Schools Expecting Spike in Post-Pandemic Mental Health Counseling

Jul 5, 2021

Student and Family Counseling for Bowling Green City Schools is based at the Learning Center.
Credit Rhonda J. Miller

The time we're living in now might be thought of as “pandemic recovery.”

After 15 months of shutdowns, stress and isolation, Kentucky is open for business and there's a welcome return to social activities. 

Schools will be fully in-person for the new academic year in the fall.

But the anxiety many children experienced during the pandemic is not likely to be washed away in the water parks and swimming pools of summer. 

WKU Public Radio reporter Rhonda Miller talked with Tanner Steelman, a licensed clinical social worker who is mental health supervisor for Bowling Green City Schools


Steelman said educators are expecting a spike in the need for mental health services in the fall, as the emotional impact of the pandemic becomes visible to teachers, school counselors, cafeteria workers and bus drivers.

Steelman: At the beginning of the pandemic, you saw a type of lull because I don't think students and families really knew how to react to being quarantined. But as the length of time for the quarantine progressed, I think you see mental health and emotional health needs go up, including depression and anxiety, as students and families became more and more isolated. They lost that access to social interactions with friends and other human beings, if you will. And that plays a significant role in being able to manage stress and anxiety and depression. 

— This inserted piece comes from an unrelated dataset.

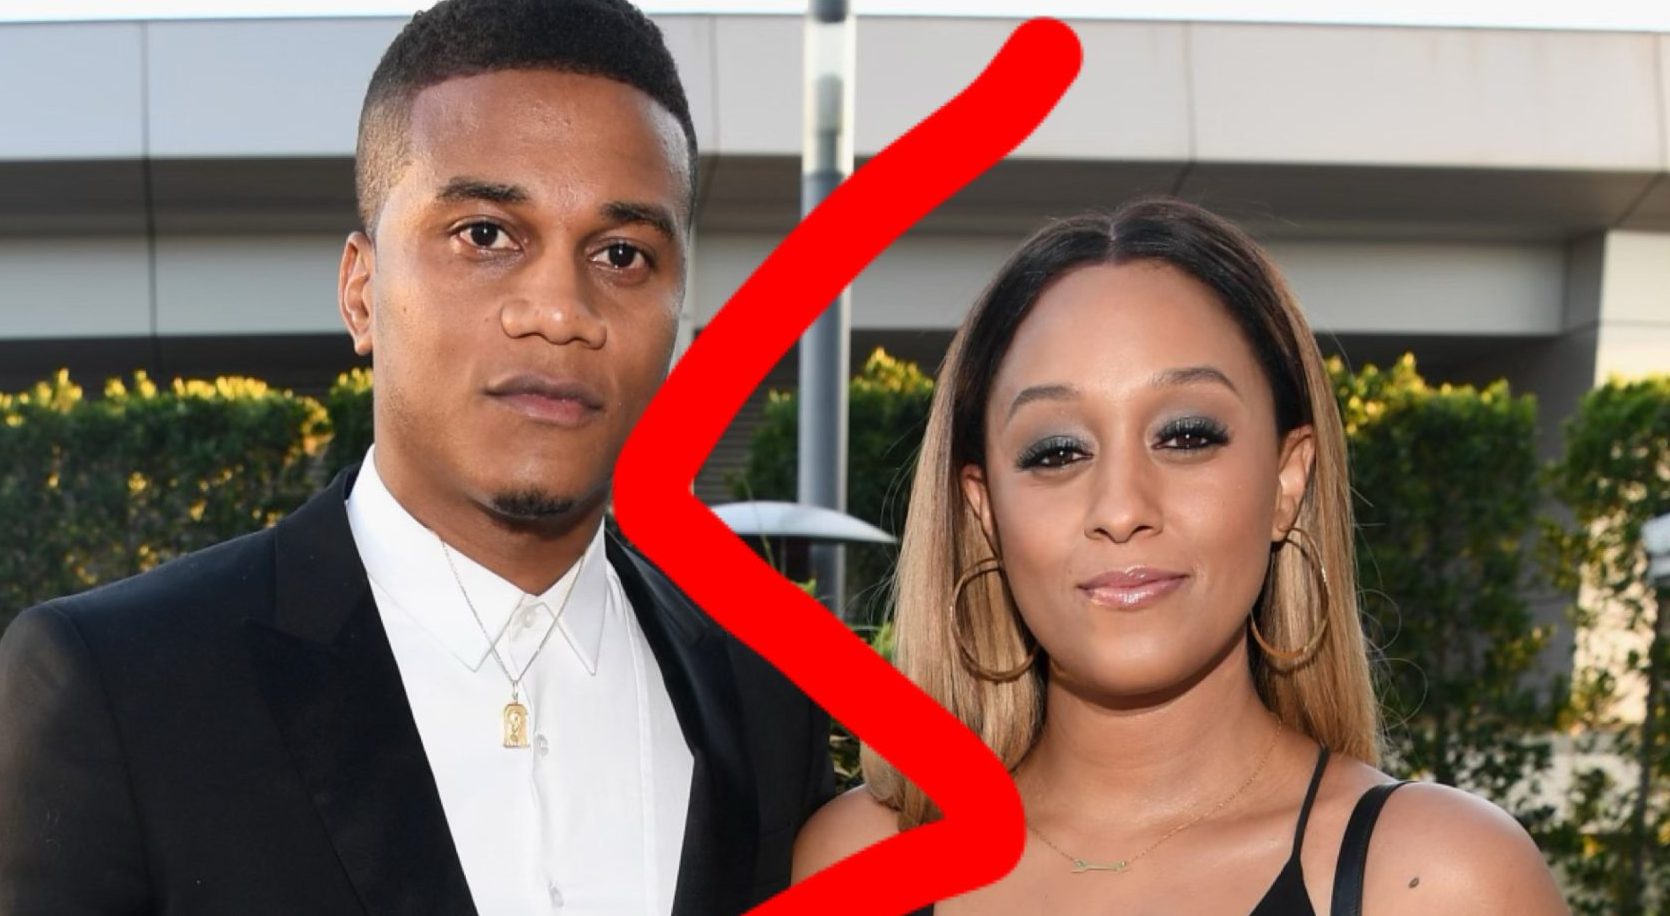 Tia Mowry files for divorce from Cory Hardrict

Miller: Do you have a number of calls or sessions that you did during the pandemic compared to maybe the year before?

Steelman: We saw, based on our data from previous years, we saw about a 10 percent spike. That was during the pandemic, that's where we saw the 10 percent spike. 

Miller: Was there any particular age group that you heard from more during the pandemic? 

Steelman: By history, usually your middle school students are the most needy, as far as counseling. There's a lot of transitions physically and emotionally during that time. But we saw spikes across the board and the referrals were pretty consistent. And I think that our “littles,” our younger elementary students, we saw a significant spike. Without going into graphic detail, more abuse situations, more neglect situations. I think our parents were, you know, lost jobs and they were unable to meet basic needs for families. And so, if the families are experiencing stress due to the pandemic job loss and don’t have the ability to make rent, and evictions and things like that, then that typically is shared with our younger students. If their lives are characterized by chaos and stress made worse by the pandemic, their ability to cope and handle those situations goes way down. So, they were needing a lot more support.

Miller: Anything else you noticed during the pandemic that you think is going to have to be dealt with in the next few months? 

Steelman: We did see a lot of latchkey situations where students were at home by themselves. We saw a lot of situations where, you know, we'd monitor the virtual learning and students would get on late at night. That was one issue that we saw a lot of.

Miller: Anything else you just want to say about the whole previous year in the pandemic? 

Steelman: We are expecting a spike when the school year starts. So we’re collaborating with local agencies to address some of those issues and how we can address what we suspect is going to be a significant increase in counseling needs, and that students will have behavior outbursts and, you know, increases in anxiety. They would have lost some of that resilience that they would typically have if those natural supports are in place. So we're looking to, you know, restore some of that and restore balance to a lot of students’ lives, and especially the ones that are struggling that were in Virtual Academy for 15 months. We suspect those students will, you know, have some issues transitioning back into a full-time schedule, that classrooms may look a little different to them, and that the change will be more significant for those guys than the ones that chose to come back, you know, when they had that option. 

Miller: Thanks, Tanner for speaking with me. 

Steelman: You're welcome. Nice to meet you. 

Miller: I've been talking with Tanner Steelman, mental health supervisor for Bowling Green City Schools. I'm Rhonda Miller in Bowling Green.